Jersey Electricity plc
- Company type: Public limited company
- Industry: Energy
- Founded: April 1924
- Headquarters: Jersey
- Key people: Phil Austin, Chairman, Chris Ambler, CEO
- Website: Official website

= Jersey Electricity =

Provider for electricity in Jersey

Jersey Electricity plc or Jersey Electricity (informally JE) is a public limited company, and the sole provider for electricity in Jersey. JE has two sites around the Island: Queens Road, St Helier, the site of two Rolls-Royce Olympus gas turbines and La Collette Power Station where there are five Sulzer Diesel turbines, one Rolls-Royce Olympus turbine, and three Parsons steam turbines.

==History==
Jersey Electricity was founded in April 1924, with a small generating station at the end of Albert Pier. Within a decade it had moved to a new, bigger power station at Queens Road, the site of today's Powerhouse retail park and administration offices.

By the 1960s, increased demand for electricity meant a move to an even bigger station. The company was listed on the London Stock Exchange to raise capital for the building of La Collette Power Station that served the Island for over 50 years. Today, La Collette is the controlling hub of a transmission network that includes three multi-million-pound undersea supply cables that import 95% as low-carbon power from France. Its generating plant is maintained for emergency back-up only as Jersey now benefits from a decarbonised electricity supply. The security of this supply has been called into question, however, after recent threats by the French government relating to retaliation over fishing rights.

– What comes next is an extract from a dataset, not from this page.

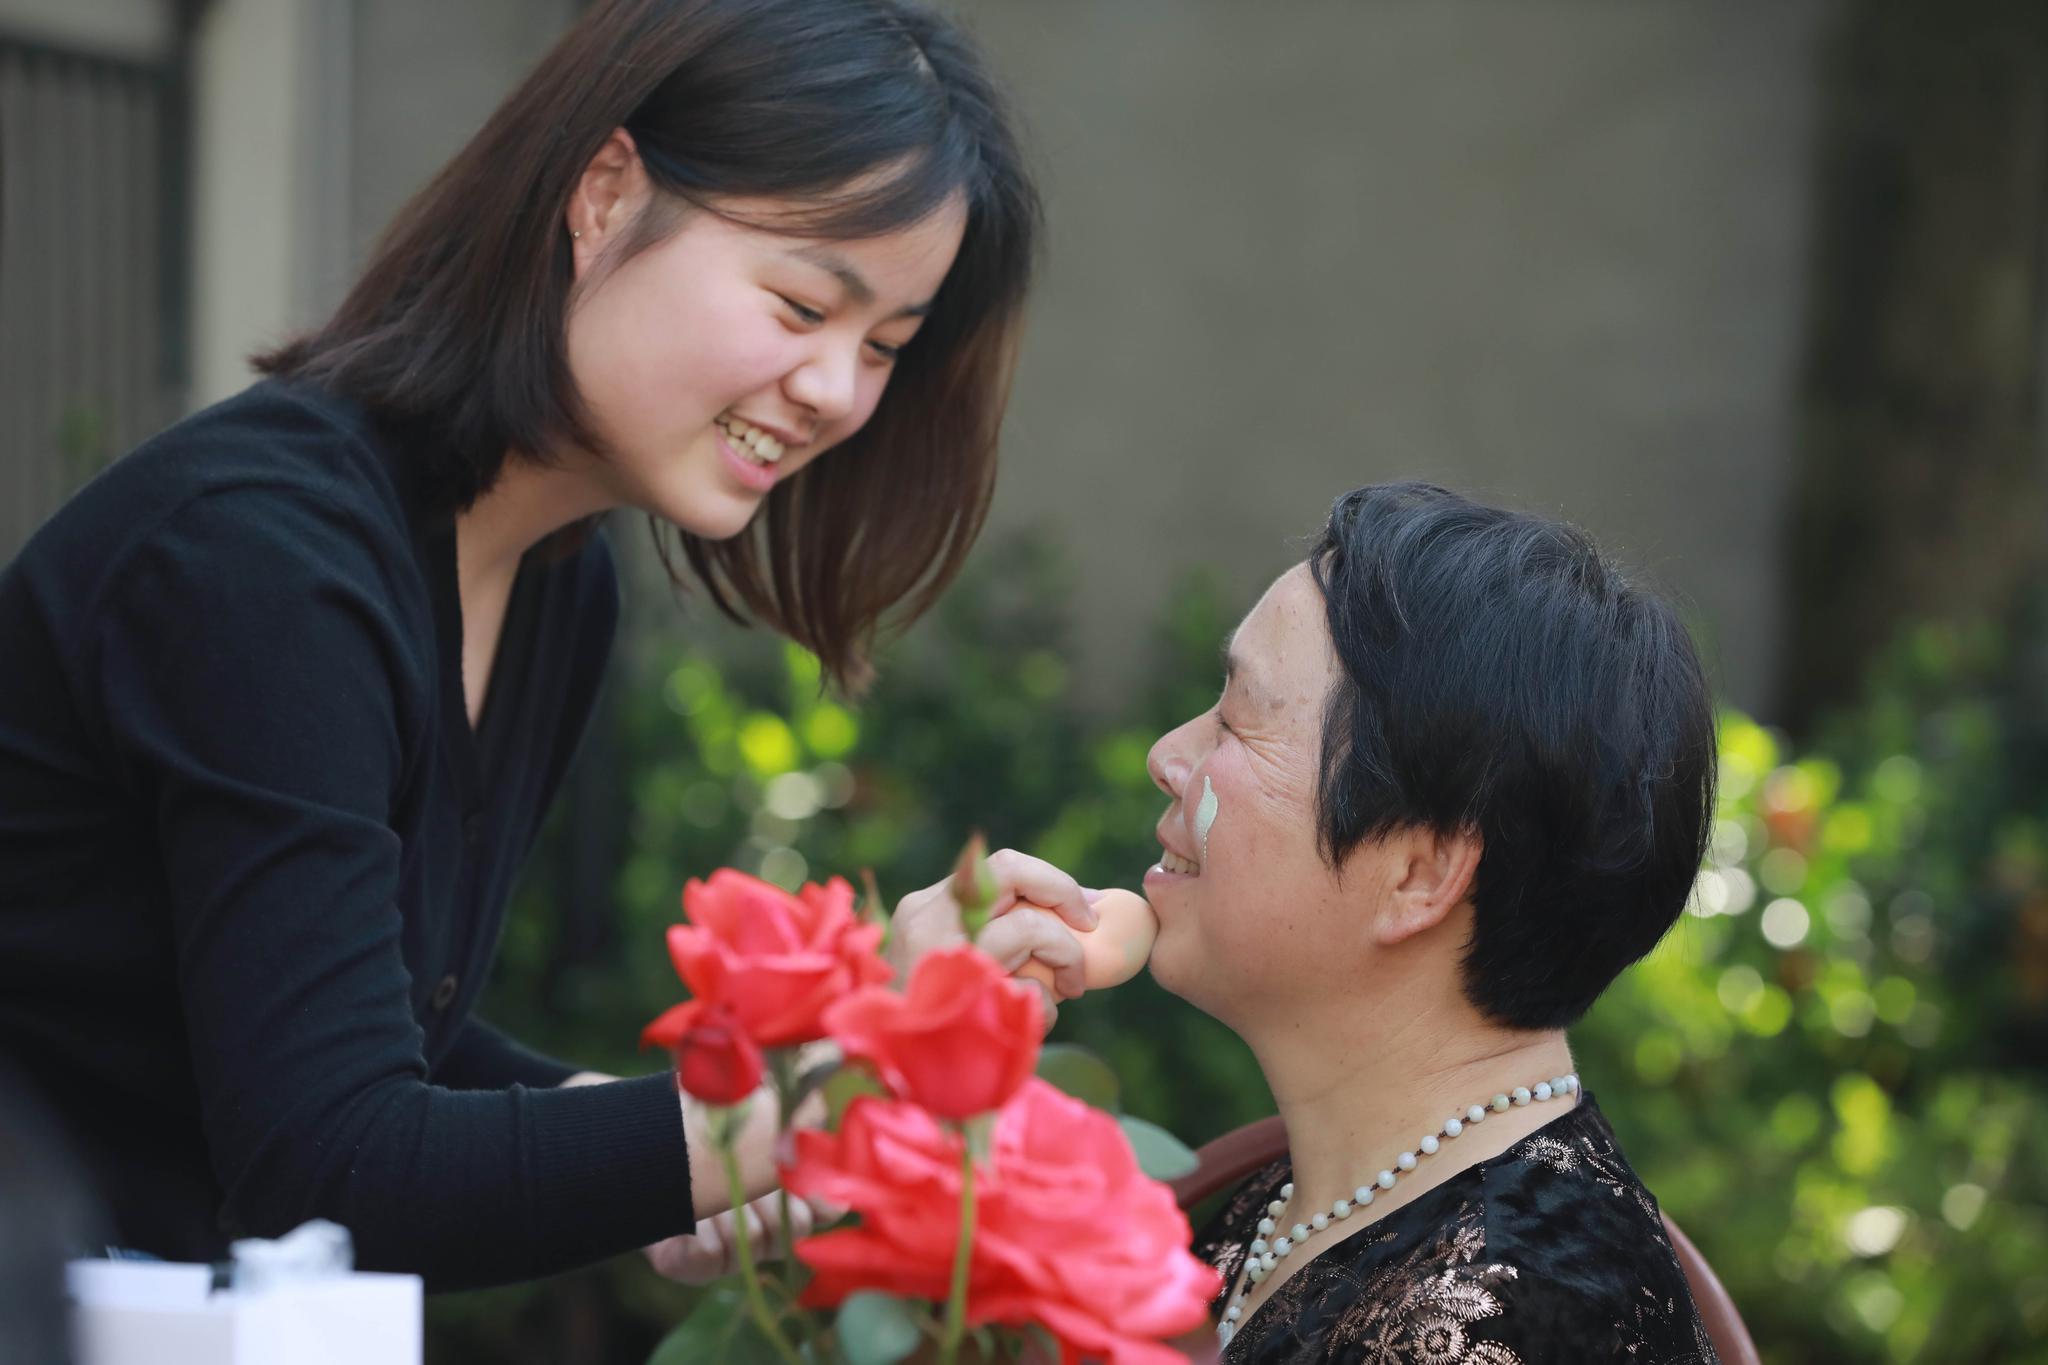 杭州:母亲节,给妈妈化个美美的妆

In 2022, Jersey Electricity announced intended partnerships with local landowners to install several strategically placed ground-mounted solar arrays to further diversify supplies and increase energy sovereignty. The first array in Rue du Moulin à Vent, St. Clement, will generate enough power for nearly 650 fully electric homes when complete.

==Group==
The JE group includes many varied businesses including JE Building Services (JEBS), Jendev, Channel Islands Electricity Grid a joint-venture, Jersey Energy, Foreshore, Jersey Deep Freeze Ltd, Jersey Electricity Retail.

==Retail==
The group also own a retail store, called The Powerhouse. The store sells home appliances and technology products.

In 2014, a portion of the store was let to Sports Direct and then to Majestic Wine in 2024.